# Buckmark Standard vs Camper?



## tarnis

I was just curious what the difference was between the two? Also if I were to say go with the camper and put the money I save towards adding a Tactical Solutions barrel on later if I feel I need to would I be coming out ahead? Used to do competition rifle shooting in high school and I was pretty good but haven't owned or really even touched a gun in years. Kind of trying to get back into things, and this will be my first. Rather buy and do things right the first time then have to buy a new gun later.


----------



## DanP_from_AZ

tarnis said:


> I was just curious what the difference was between the two? Also if I were to say go with the camper and put the money I save towards adding a Tactical Solutions barrel on later if I feel I need to would I be coming out ahead? Used to do competition rifle shooting in high school and I was pretty good but haven't owned or really even touched a gun in years. Kind of trying to get back into things, and this will be my first. Rather buy and do things right the first time then have to buy a new gun later.

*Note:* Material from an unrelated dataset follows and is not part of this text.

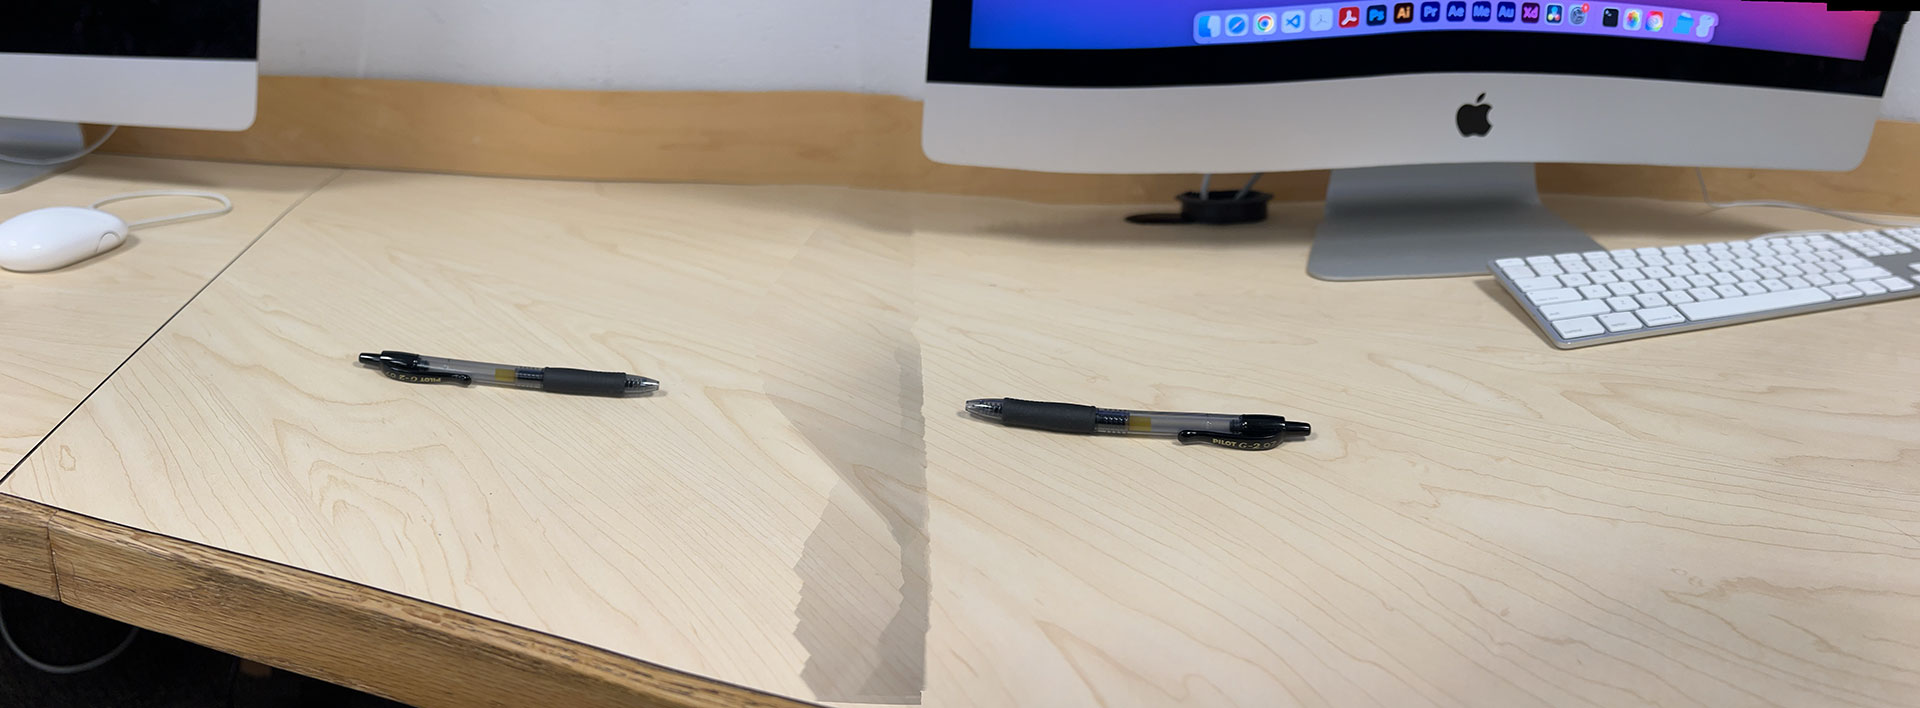 Panorama attempt of a pen on a desk

You may have done some of "this" stuff below ?

If you want to compare specs, go here to the Browning Buckmark site.
Browning Buck Mark Pistols, Product Family

If you want to compare both specs, and prices in your area, go here to Davidson's Gallery of Guns. Click on the Gun Genie. Then Browning, then Buckmark.
www.galleryofguns.com - Buy guns online, top brands, best price, best service, best warranty; all types of guns: revolvers, rifles, pistols and shotguns.
You can check specs and availability and list prices at this Davidson site for all the Buck Mark models. And get the actual prices at dealers in your area.

If you want to know ALL things Buckmark, go here. I've put you into the rimfirecentral.com/browning sub-forum. 
Browning - RimfireCentral.com Forums

This Browning sub-forum has ALL kinds of threads on "things Buck Mark". "Chim" is the master guru. You should ask "your question" here.
Yours is a fairly common question. And, they love to answer. :mrgreen:
Also, click on the sticky "Buck Mark Starter Thread" at the top. A WEALTH of Buck Mark info awaits you.
Including all about standard vs. URX vs. UDX grips. They have different grip frames.

I waited and waited to get my Buck Mark Plus with the UDX laminated rosewood grips. I loved the "look". The other models shoot just as well.
I got it through Davidson's Gun Genie picked up by my favorite local gun store (cheapest price too). Davidson's distribution center is at our airport.
I've added a Browning "rail", and a TruGlo "cheapie" red/green multi-recticle sight. For about $85 total. Works great.

Buck Mark fever strikes just once, but lasts a lifetime. Good Luck ! :smt1099


----------



## dondavis3

@ DanP_from_AZ

Great answer ..., very helpful.

I chose the Camper and added optics to it later.










I like the camper because of the way it felt in my hand and the grips.

Good luck in your search.

:smt1099


----------



## Stevebitt300

That sparked my interest in getting a Buck Mark, probably a Camper. .... had a Buck Mark 'Standard' which has the slab-side barrel and nice


----------



## VietVet68

dondavis3 said:


> @ DanP_from_AZ
> 
> Great answer ..., very helpful.
> 
> I chose the Camper and added optics to it later.
> 
> 
> 
> 
> 
> 
> 
> 
> 
> 
> I like the camper because of the way it felt in my hand and the grips.
> 
> Good luck in your search.
> 
> :smt1099


I'm probably going to buy my first .22 LR & I like the Buck Mark Camper. Can you tell me the Brand & model of the scope you installed on yours?


----------



## Baldy

Fine looking Pistol you have there for sure Mr. Davis...:smt1099


----------



## dondavis3

Thank you - it's sure a good shooter.

:smt1099


----------



## Mik3e

I chose the Camper because there are no finger groves on the grip. They never fit my hand and I end up with aching fingers.


----------